Сноска к древнему изданию второй Истмийской оды Пиндара


ПРЕДИСЛОВИЕ
Эндрю Лир и Ева Кантарелла

Зачем эта книга?

У древних греков, как известно, существовала традиция, которую они называли пайдерастией, или педерастией, заключавшаяся в эротических отношениях между взрослыми мужчинами и мальчиками-подростками. Ограничения этой практики — насколько она была широко распространена с точки зрения географии и социума, что именно одобрялось и не одобрялось, когда и как ее начали практиковать, когда и почему она прекратилась — являются предметом многочисленных споров среди современных ученых. Однако основной факт остается фактом: она практиковалась шире и с большим общественным одобрением, чем любая другая форма гомосексуальных отношений в любое время в любой из западных культур.

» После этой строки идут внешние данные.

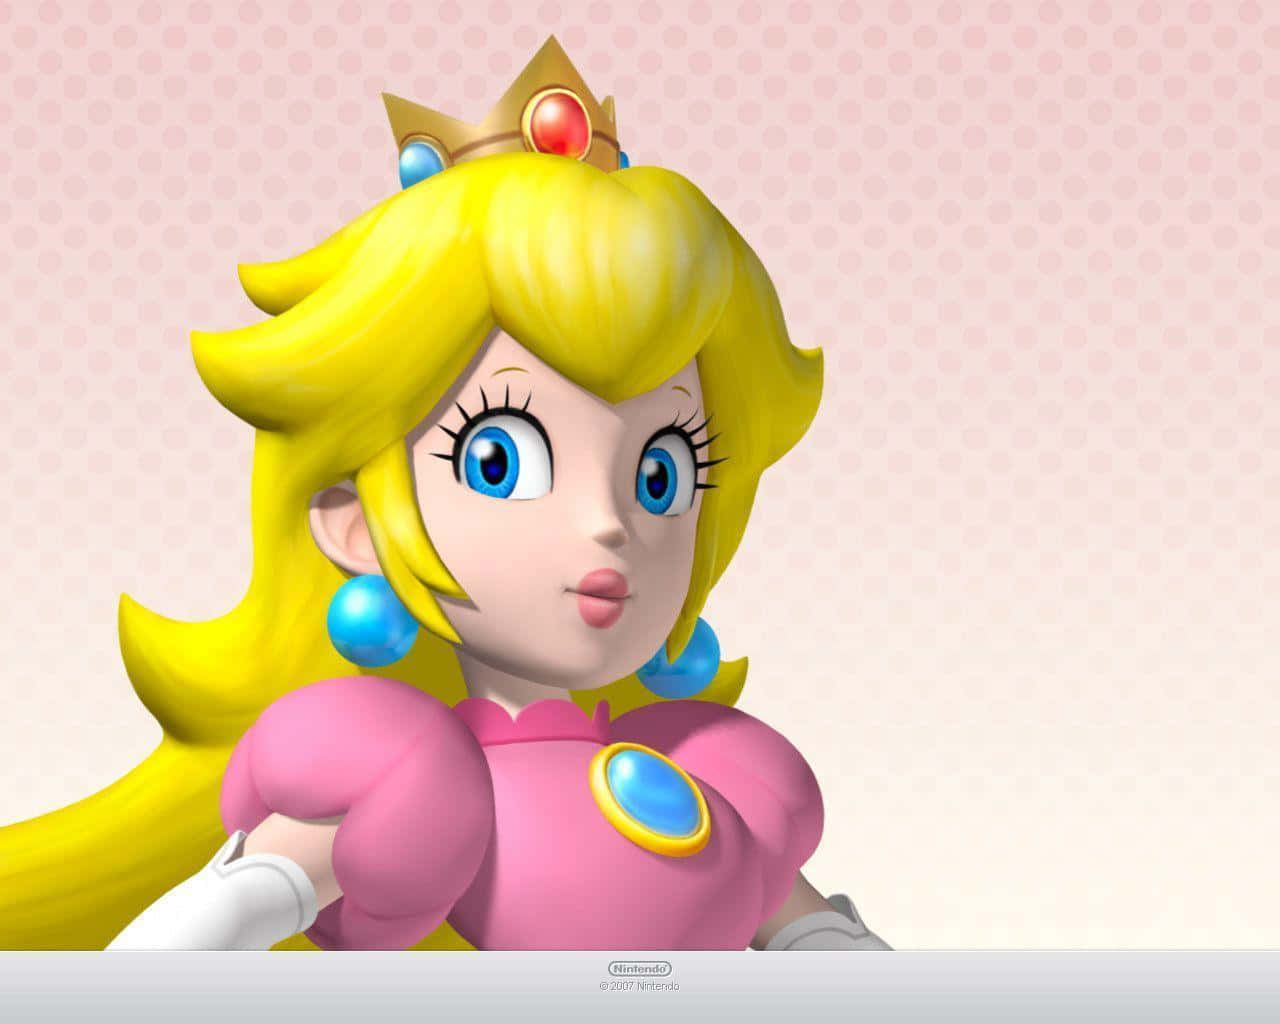 Princess Peach shows her charming personality Wallpaper

Эта практика является основной темой в произведениях греческой литературы - в основном, хотя и не исключительно, в поэзии, комедии, философии и речах в зале суда. Она важна и в изобразительном искусстве: одним из самых обильных источников информации по теме являются росписи, украшавшие глиняные сосуды, изготовлявшиеся высокоразвитой гончарной промышленностью Афин в VI-IV веках до нашей эры.

В этой книге представлен обзор педерастических изображений на этих сосудах. Сопоставляя изображения на них как друг с другом, так и с литературными и историческими источниками, делается попытка прояснить, что они говорят нам (или подразумевают) о фактической практике педерастии и связанных с ней идеалах.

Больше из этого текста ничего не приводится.